Die nächste Station auf meiner Reise war eine Teilnahme an einem Workshop von Diana Larsen über die Moderation von Retrospektiven. Dieser hat mir einmal mehr die Möglichkeiten, aber auch Herausforderungen eben jener Retrospektiven aufgezeigt. Ich hatte das Glück, Diana bei späteren Kursen in Dänemark zu assistieren, und in der lehrenden Rolle lernt man noch mehr als in der lernenden. Seitdem fasziniert mich der Gedanke, Menschen und Teams beim Reflektieren und Lernen zu unterstützen.

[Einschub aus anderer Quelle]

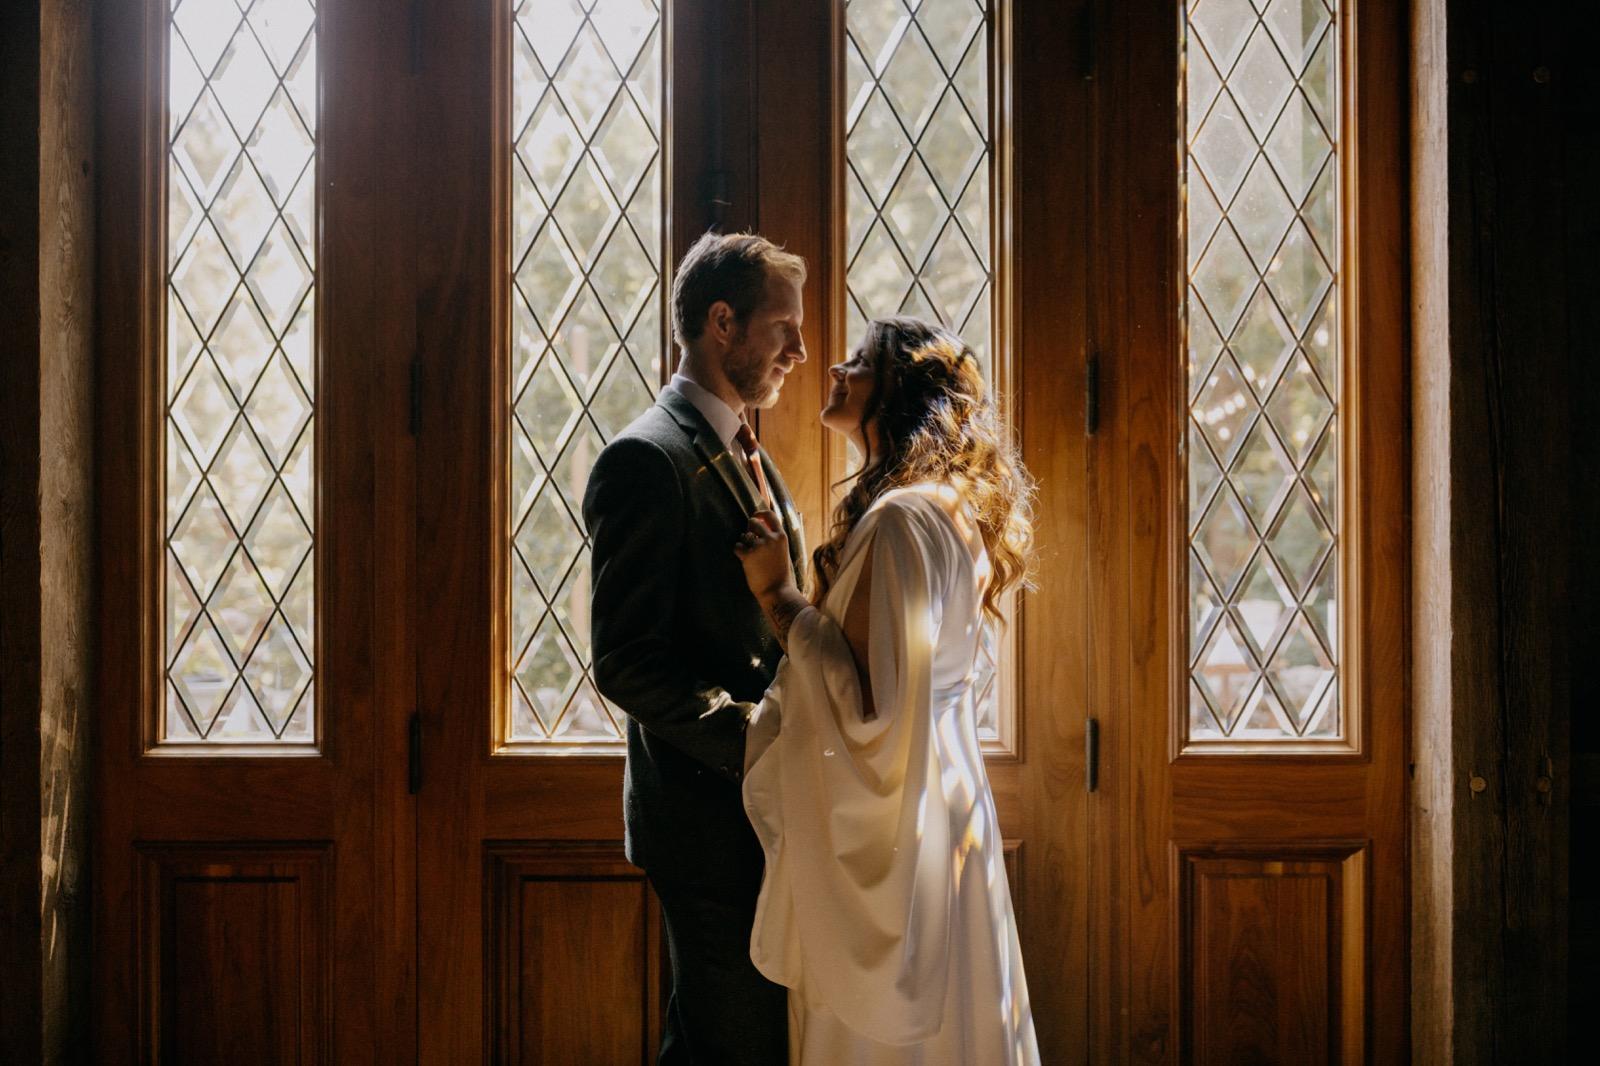 034_Emily & Jeff Wedding 0249_intimate_waterfall-lodge_forest_wedding_portrait_outdoor
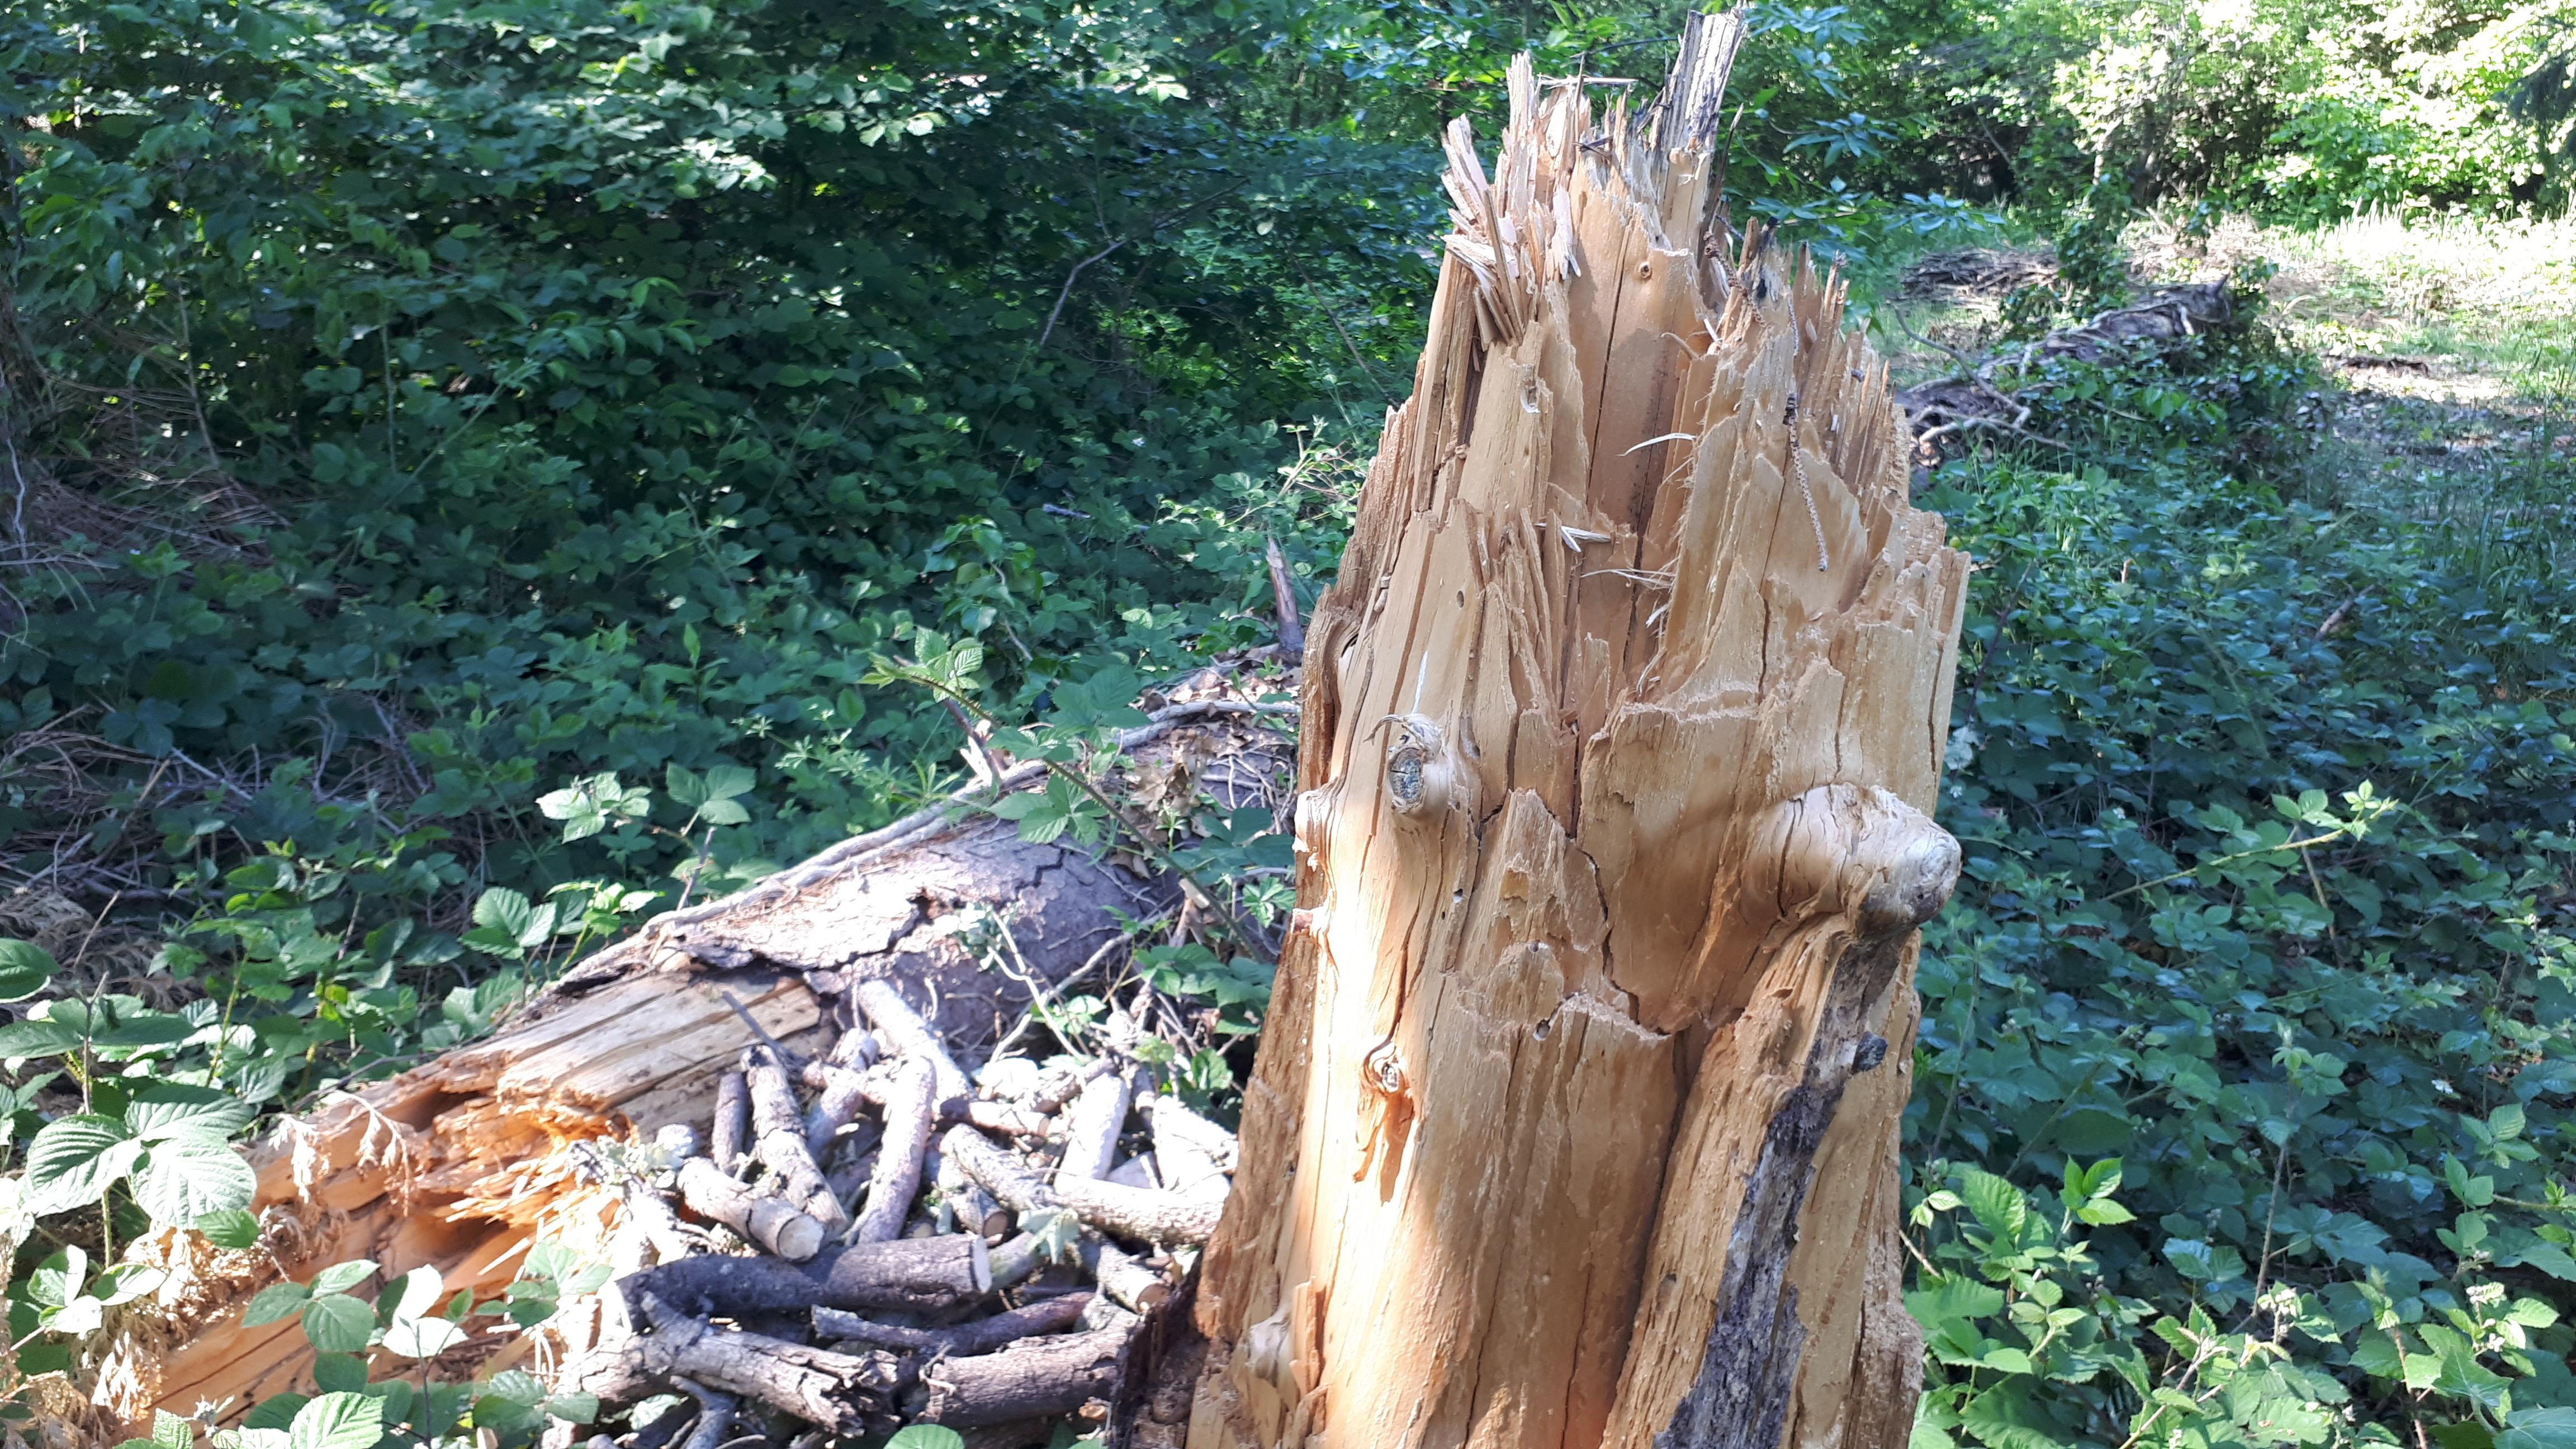 Wat een kracht die wind,... leek nog een stevige boom

Ich begann, mehr Retrospektiven zu moderieren, zunächst für meine Kolleg*innen in der IT-Branche und später in anderen Unternehmen und Umfeldern. In den letzten 10 Jahren habe ich Hunderte von Retrospektiven in Dutzenden von Unternehmen moderiert und Vorträge über Retrospektiven auf Konferenzen, Geek Nights und offen gesagt, überall dort gehalten, wo die Menschen keine Chance hatten, mir und meinen Vorträgen zu entkommen.

Ich habe viele Bücher und Artikel gelesen und mir zahlreiche Präsentationen angesehen, sowohl online als auch auf Präsenzveranstaltungen. Ich lernte natürlich eine Menge dazu, aber ich verstand bald, dass es bei einer guten Moderation von Retrospektiven nicht nur darum geht, die richtigen Aktivitäten zu kennen – es gehört viel mehr dazu. Ich verbrachte einige Zeit damit, etwas über Körpersprache zu lernen, und The Definitive Book of Body Language[Pease & Pease 2004]2 vermittelte mir viele Erkenntnisse zur Bedeutung von Augenkontakt, Händedruck und die unterschiedlichen Auswirkungen auf andere Personen. Ich habe mich von zahlreichen Büchern inspirieren lassen, die nicht direkt auf die Moderation von Retrospektiven ausgerichtet sind (siehe »Literatur« im Anhang des Buches).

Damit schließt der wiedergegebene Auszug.